In contrast, some courts have reasoned that a witness's refusal to testify is unlike a claim of memory loss because there is no current testimony to compare with the prior statement. See Tyler v.. State, 679 A.2d 1127, 1132 (Md.1996) (holding that the effect of witness's refusal to testify was “virtually the same as if [he] had not physically taken the witness stand,” and if he “had not taken the stand, his prior testimony could not be deemed ‘inconsistent” ’); Barksdale v. State, 453 S.E.2d 2, 4 (Ga.1995) (holding that government could not impeach witness with prior statement because he “refused to answer any questions and thus gave no testimony in court with which the prior statement could be judged to be inconsistent”); State v.
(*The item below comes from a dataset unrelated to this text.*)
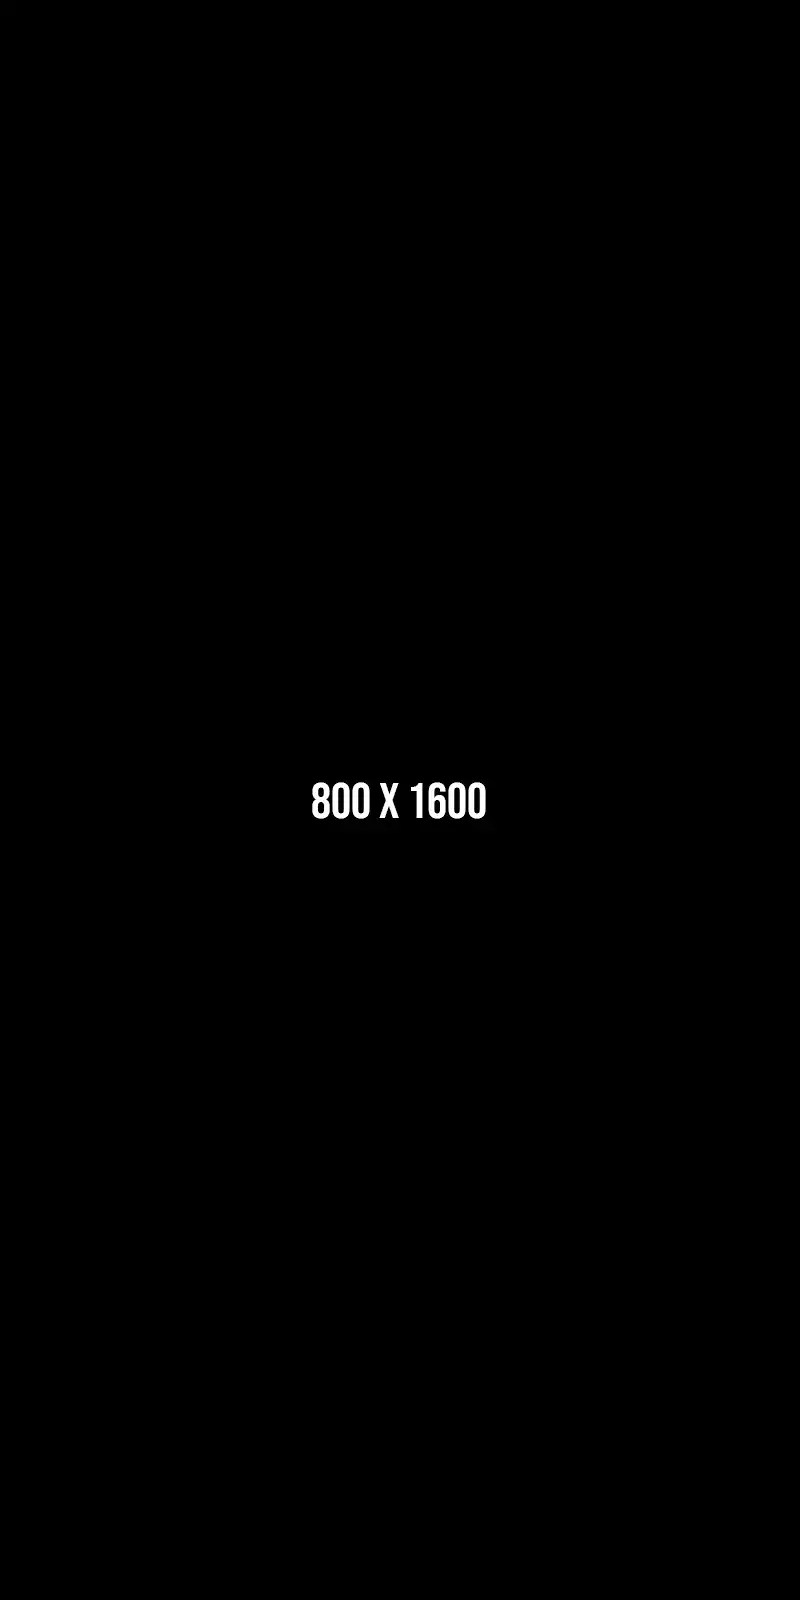 800x1600

Williams, 442 A.2d 620, 623 (N.J.Super.Ct.App.Div.1982) (holding that witness could not be impeached with prior statement because his silence did “not constitute ‘testimony” ’). These courts therefore do not permit the use of a prior statement to impeach a witness who refuses to testify on the same topic. See Tyler, 679 A.2d at 1132–33; Barksdale, 453 S.E.2d at 4; Williams, 442 A.2d at 623.
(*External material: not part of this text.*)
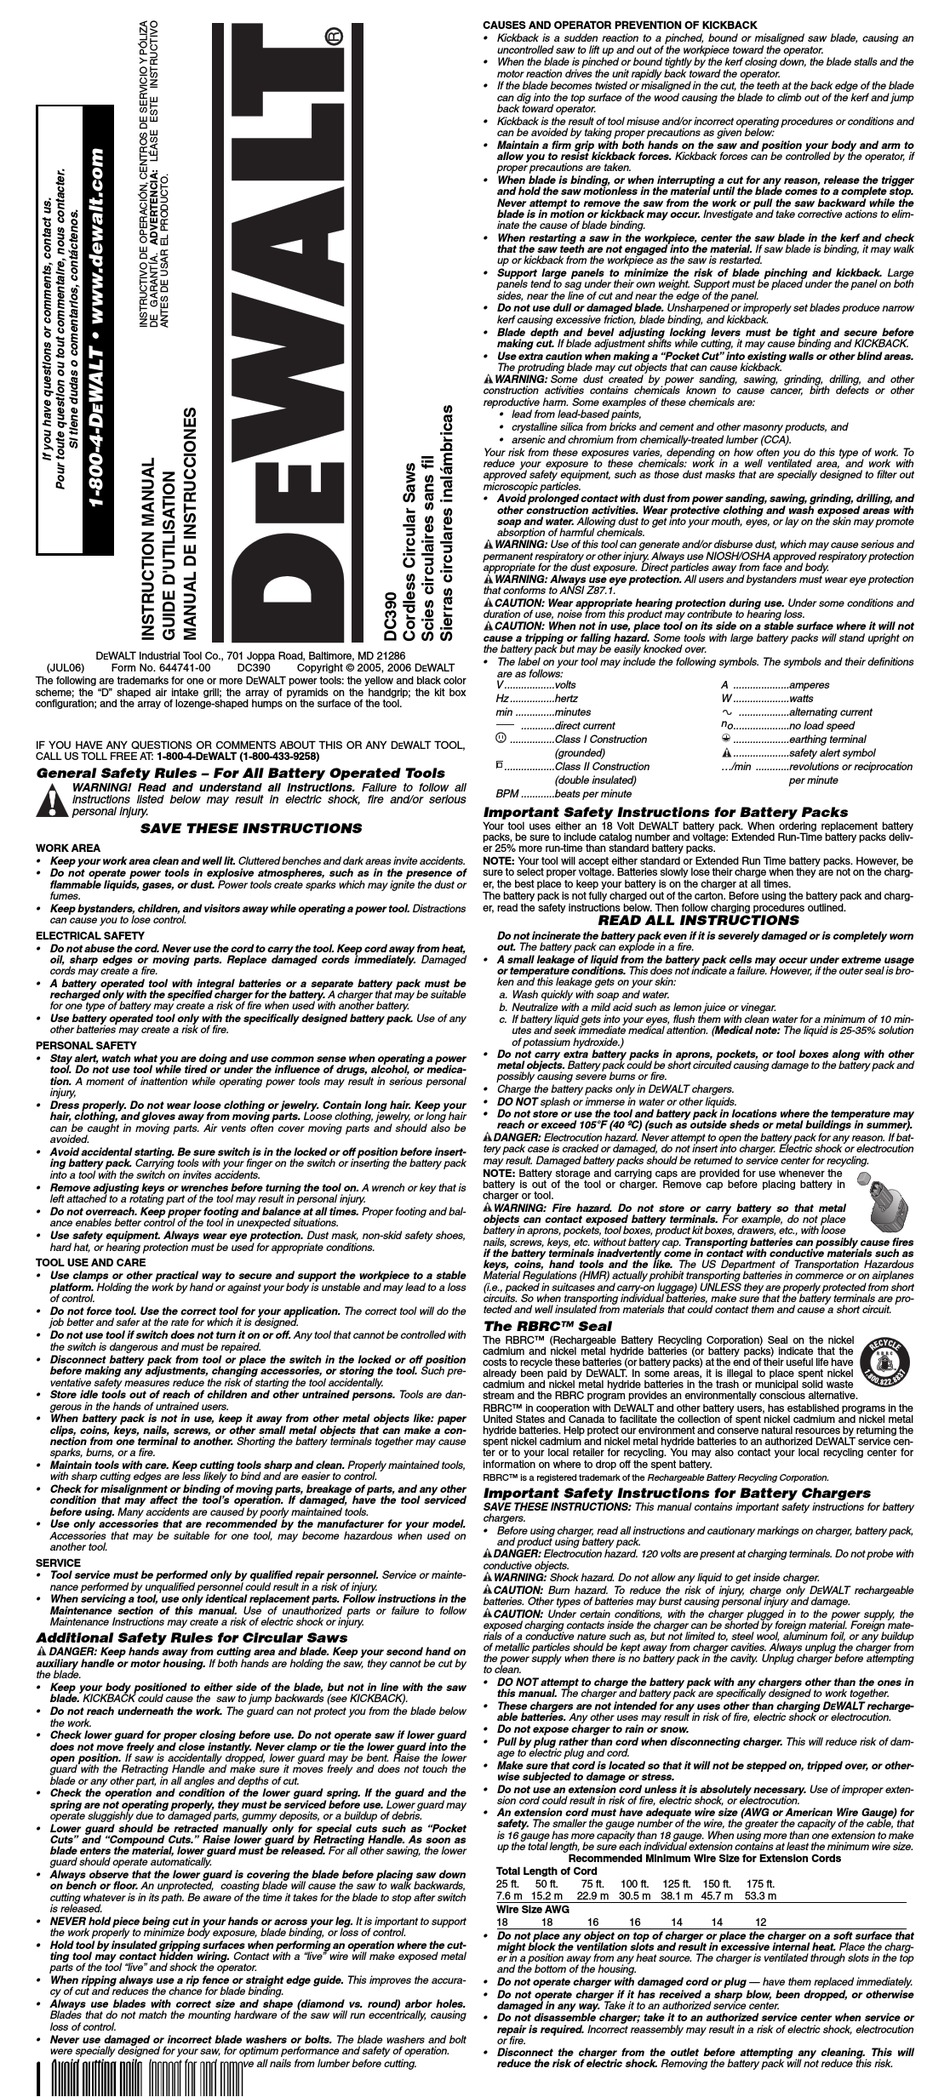 faktum galning Smuk DEWALT DC390 INSTRUCTION MANUAL Pdf Download | ManualsLib

“The common-law tradition is one of live testimony in court subject to adversarial testing․” Crawford v. Washington, 541 U.S. 36, 43 (2004). Thus, a strong preference for live testimony undergirds the rules of evidence. See Brooks v. United States, 39 A.3d 873, 884 (D.C.2012). Generally, hearsay statements are not admissible at trial because they lack “indicia of reliability: they are usually not made under oath or other circumstances that impress the speaker with the solemnity of his statements; the declarant's word is not subject to cross-examination; and he is not available in order that his demeanor and credibility may be assessed by the jury.” Jones v. United States, 17 A.3d 628, 632 (D.C.2011) (quoting Laumer v. United States, 409 A.2d 190, 194 (D.C.1979) (en banc)). Even when many of those concerns are ameliorated because the declarant testifies at trial, prior consistent statements of a witness are inadmissible for their truth unless they meet the requirements of D.C.Code § 14–102(b)(1) because of “an unwillingness to countenance the general use of prior prepared statements as substantive evidence․” Fed.R.Evid. 801(d)(1) advisory committee's note (1972).2 Unless an out-of-court statement falls within one of the recognized exceptions to the rule against hearsay, it may not be used to supply the testimony of a witness.
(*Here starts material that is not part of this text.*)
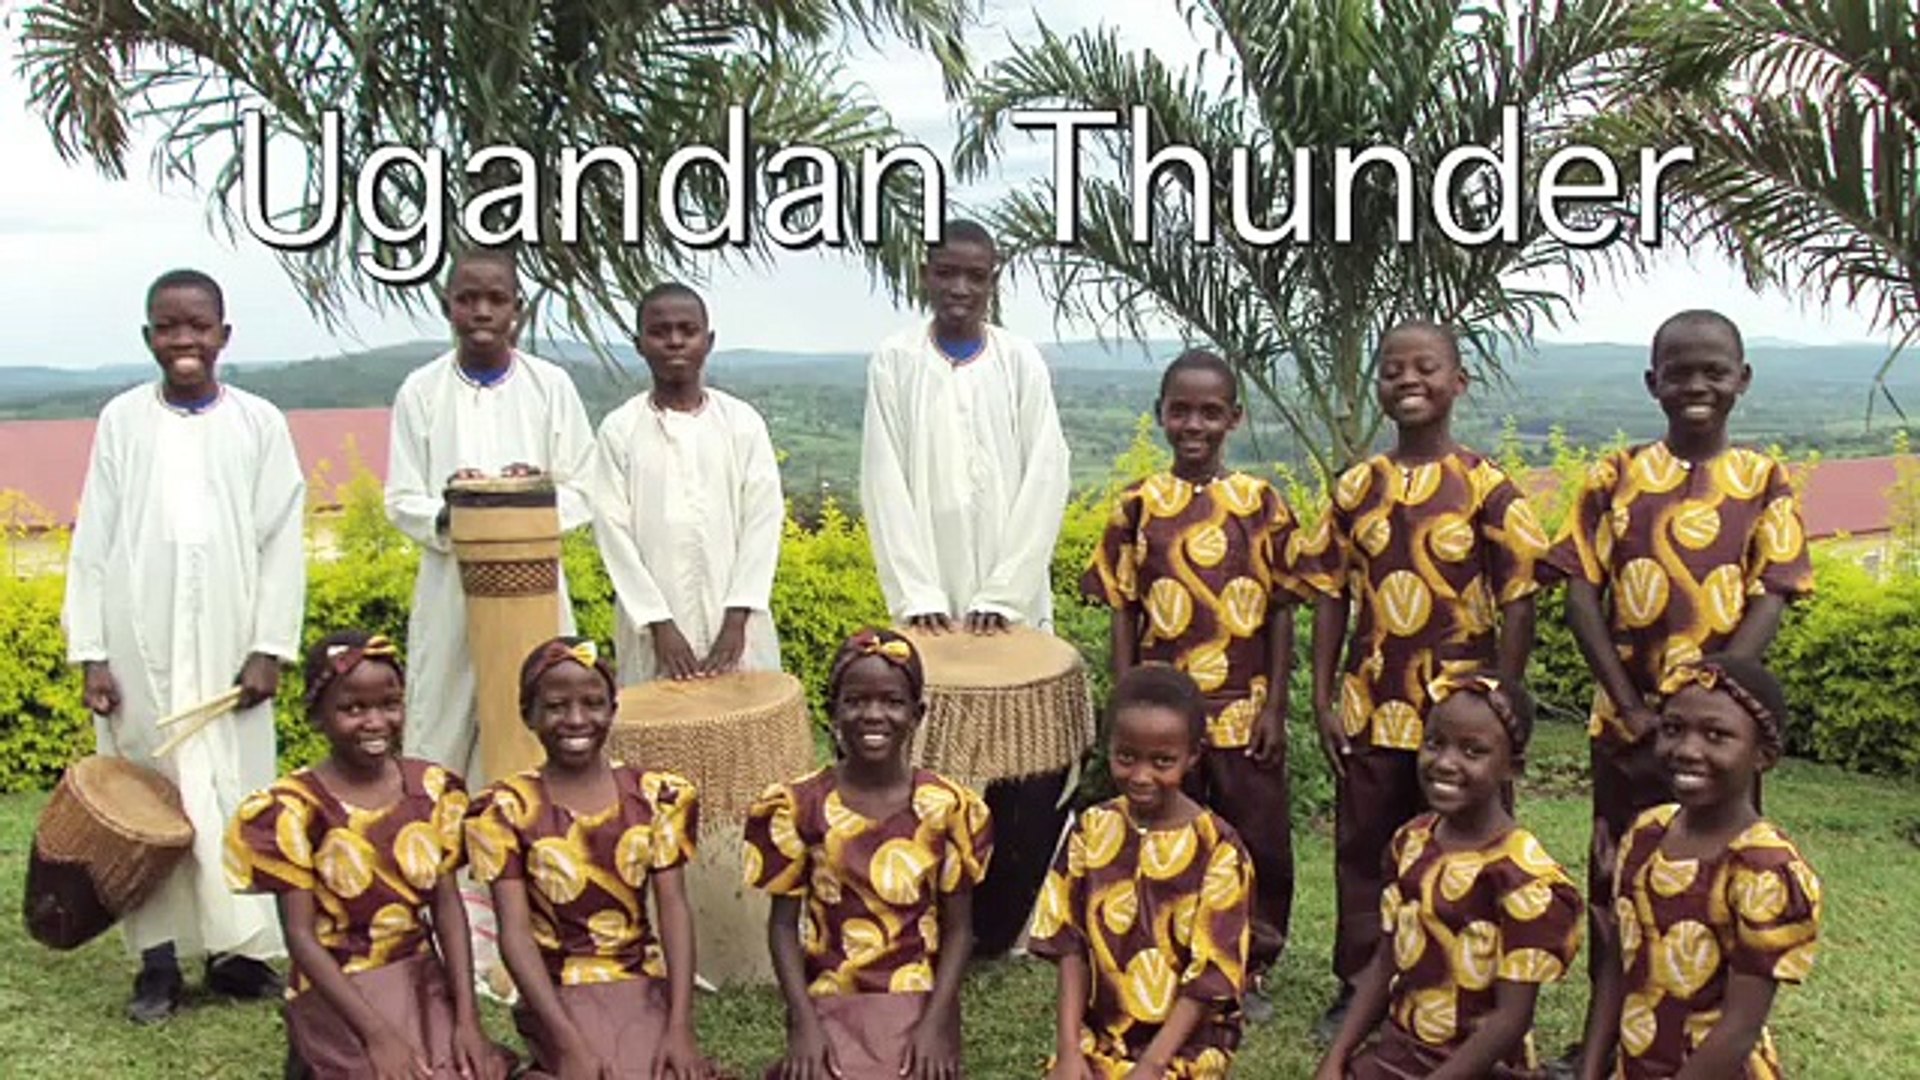 Ugandan Thunder

2. Did D.J. Refuse to Testify?
In this case we do not decide the more abstract question of inconsistency because we conclude that the government did not lay a sufficient foundation for admitting the video. Even if we assume in the government's favor that an outright refusal to testify about an event may be deemed to be inconsistent with a prior statement discussing the same topic, we are not convinced on this record that the government and the trial court made sufficient efforts to determine whether D.J. could be persuaded to testify. In other words, faced with a difficult witness, the government resorted too quickly to playing the video. As the trial unfolded, this video statement, rather than live testimony, provided the only substantive evidence supporting count nine of the indictment.
At trial, D.J. initially testified as follows:
Q: Do you know kind of what we're going to ask you to talk about today?
Q: How do you feel about talking about those things?
A: I don't want to talk about it.
Q: Why don't you want to talk about it?
A: It's disturbing. I don't want to talk about it.
Q: Did those things happen to you?
Q: Okay. Could you tell us what happened the first time it happened?
A: (Shakes head)
Q: You're shaking your head no. Now, when you're shaking your head no, why can't you tell us?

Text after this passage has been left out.